How many steps for matchstick-Lychrel numbers?

Question

The Lychrel number is famous in the recreational mathematics. The process about the Lychrel numbers reverses arrangement of the previous number.

Mimicking Lychrel numbers, I would like to devise matchstick-Lychrel numbers. The following matchstick digits are also digits when rotated 180 degrees.

Note that 0, 1, 2, 5, 8 do not change and 6 and 9 are coverted to each other. Other digits 3, 4, 7 cannot be rotated.

Given a number made by these digits, we can make a new number by rotating 180 degrees. Then, we obtain the next number by adding two numbers, i.e. the original number and the rotated number.

For example, if we are given 19,

1st step: 19 + 61 = 80
2nd step: 80 + 08 = 88
3rd step: 88 + 88 = 176.

The last number 176 cannot be rotated b/c it contains 7. So, we stop here.

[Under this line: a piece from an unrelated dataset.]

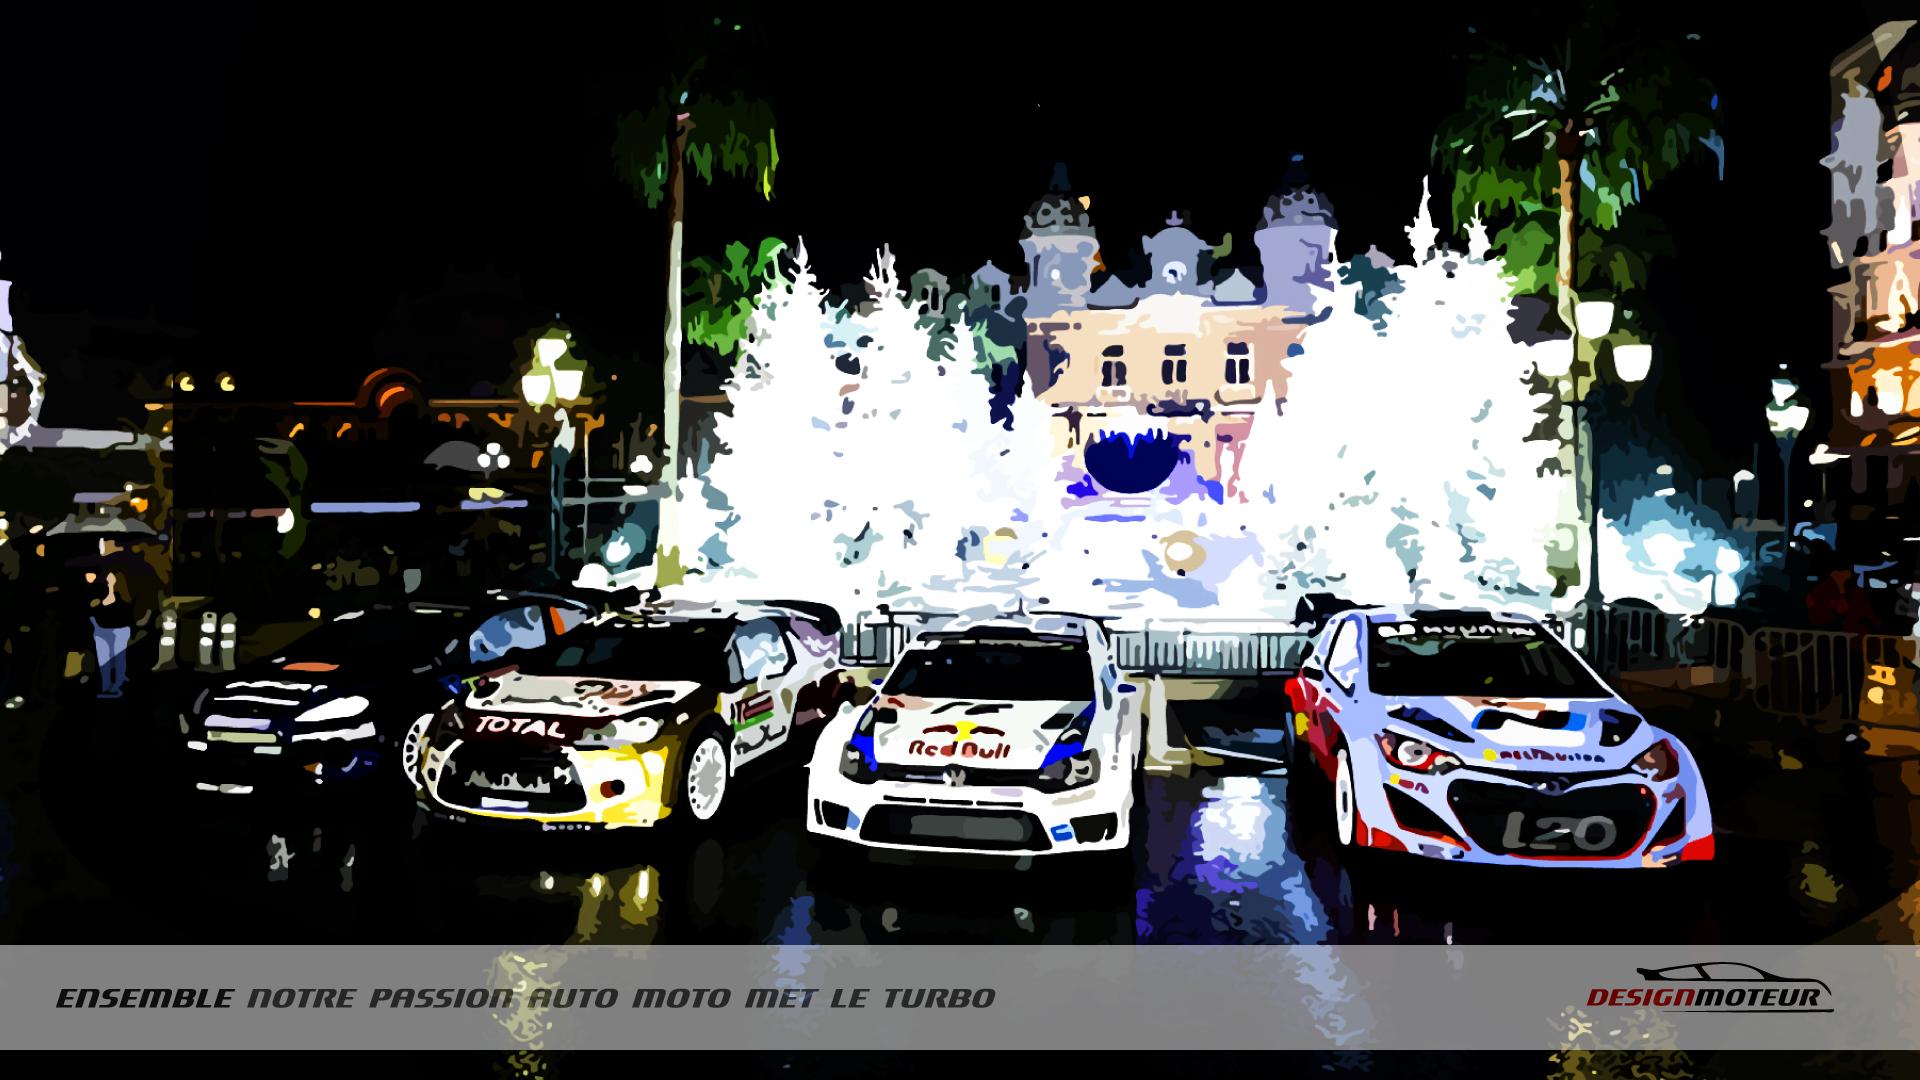 Wallpaper DESIGNMOTEUR 2015 – WRC

Now, here is my question: Can we do this process infinitely for a number? If we can, the number shoud be called a matchstick-Lychrel number. But, I don't think such a number exists. Then, what is the maximal number of steps needed for this process?

Answer 1

I can prove by hand that we can't have more than 11 iterations. I can prove by python that we can't have more than 6 iterations, but the code is bad enough that I don't want to post it right now; perhaps if I'll post it if I get around to cleaning it up.

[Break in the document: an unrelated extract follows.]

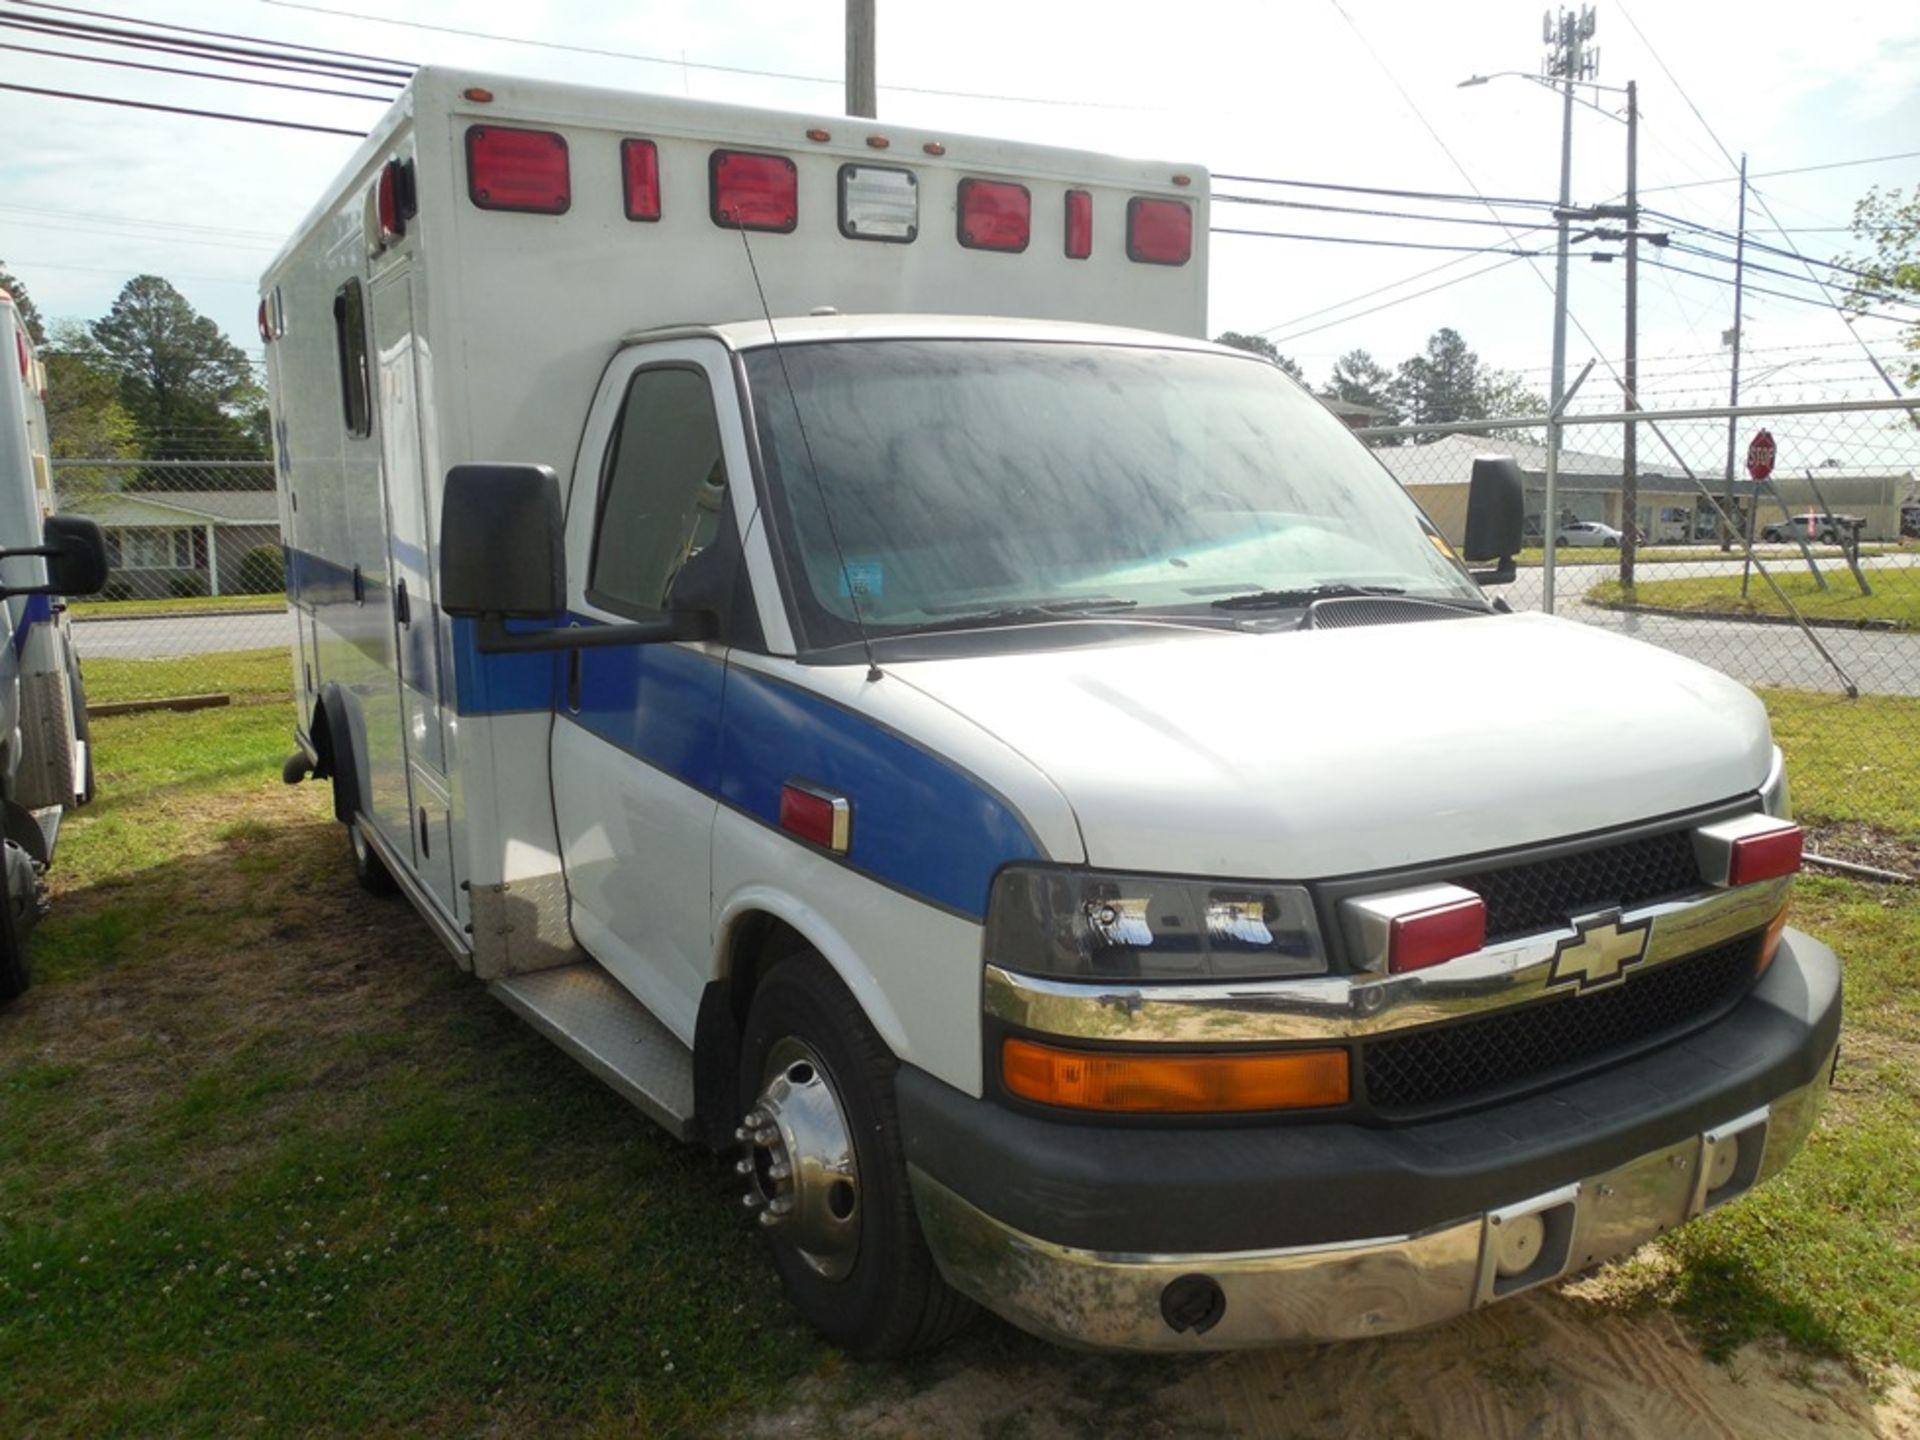 2010 Chev box van ambulance dsl, 250,597 miles, vin# 1GB9G5B65A1116120 - Image 3 of 6

At most 11 iterations by hand

The first step is to keep track of the pair $(\textrm{first_digit}, \textrm{last_digit})$. After rotating and adding, the new last digit is $\textrm{Rotate(first_digit)+last_digit} \pmod{10}$. For the new first digit, it is either the first digit of $\textrm{first_digit+Rotate(last_digit)}$ or the first digit of $\textrm{first_digit+Rotate(last_digit)+1},$ depending on whether there is a carry. Here is a graph of all possible updates using only rotateable digits, created at graphonline.ru/en/.

Pairs that use the digits 3, 4, or 7 are not shown, so every leaf node could potentially update once more (depending on the digits between them). All edges are directed except for $(1,5)-(6,6)$, which is undirected because there are edges in both directions.

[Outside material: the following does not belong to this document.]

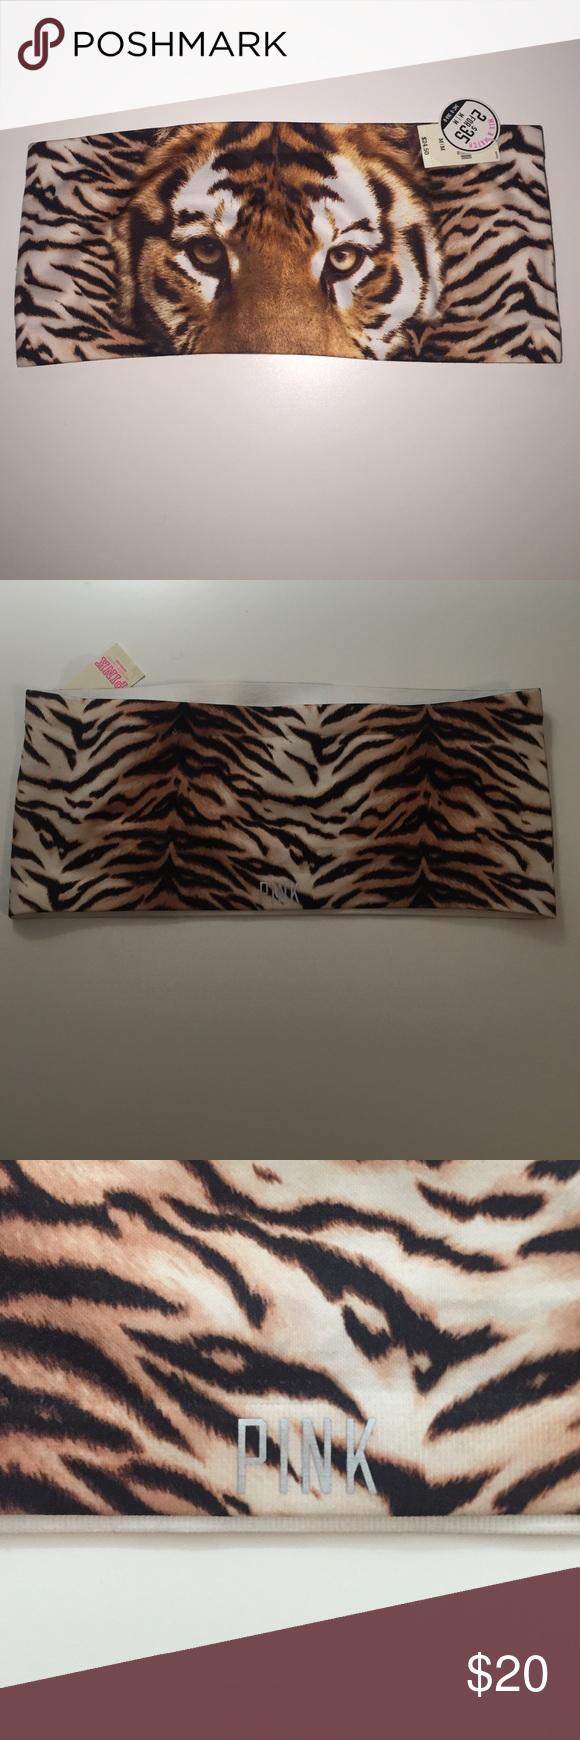 VS PINK tiger bandeau top - NWT - medium Tiger print bandeau top - NWT PINK Victoria's Secret Intimates & Sleepwear Bandeaus

From this graph, the only way to get more than 7 steps is to get to the $(1,5)-(6,6)$ cycle and do enough steps. It suffices to show that we can't do more than 6 iterations from $(6,6)$.

Now we keep track of the second digit. If the original number was $6..6$, the second digit of the new number is 5 or 6. The new number is now of the form $1\{5,6\}...5$. If the tens digit is 5 or greater, the next iteration would give a number like $7...6$ which can't be rotated, so we're done in that case. Otherwise, the number is of the form $1\{5,6\}...\{0,1,2\}5$. In fact, if the tens digit is nonzero then it's either $15...15$ or $16...25$ to avoid the tens digit being unrotatable in one iteration.

If it is of the form $15...15$ then to avoid unrotatable digits it must go to $66...66$ and then $16...65$ and the next number will start with 7.

If it is of the form $16...25$ then it either goes to $68...86$ or $69...86$; if $68...86$ then the 10s digit of the next iteration will be 7, and if it's $69...86$ then the next iteration will be $16...52$ and the next number will start with 7.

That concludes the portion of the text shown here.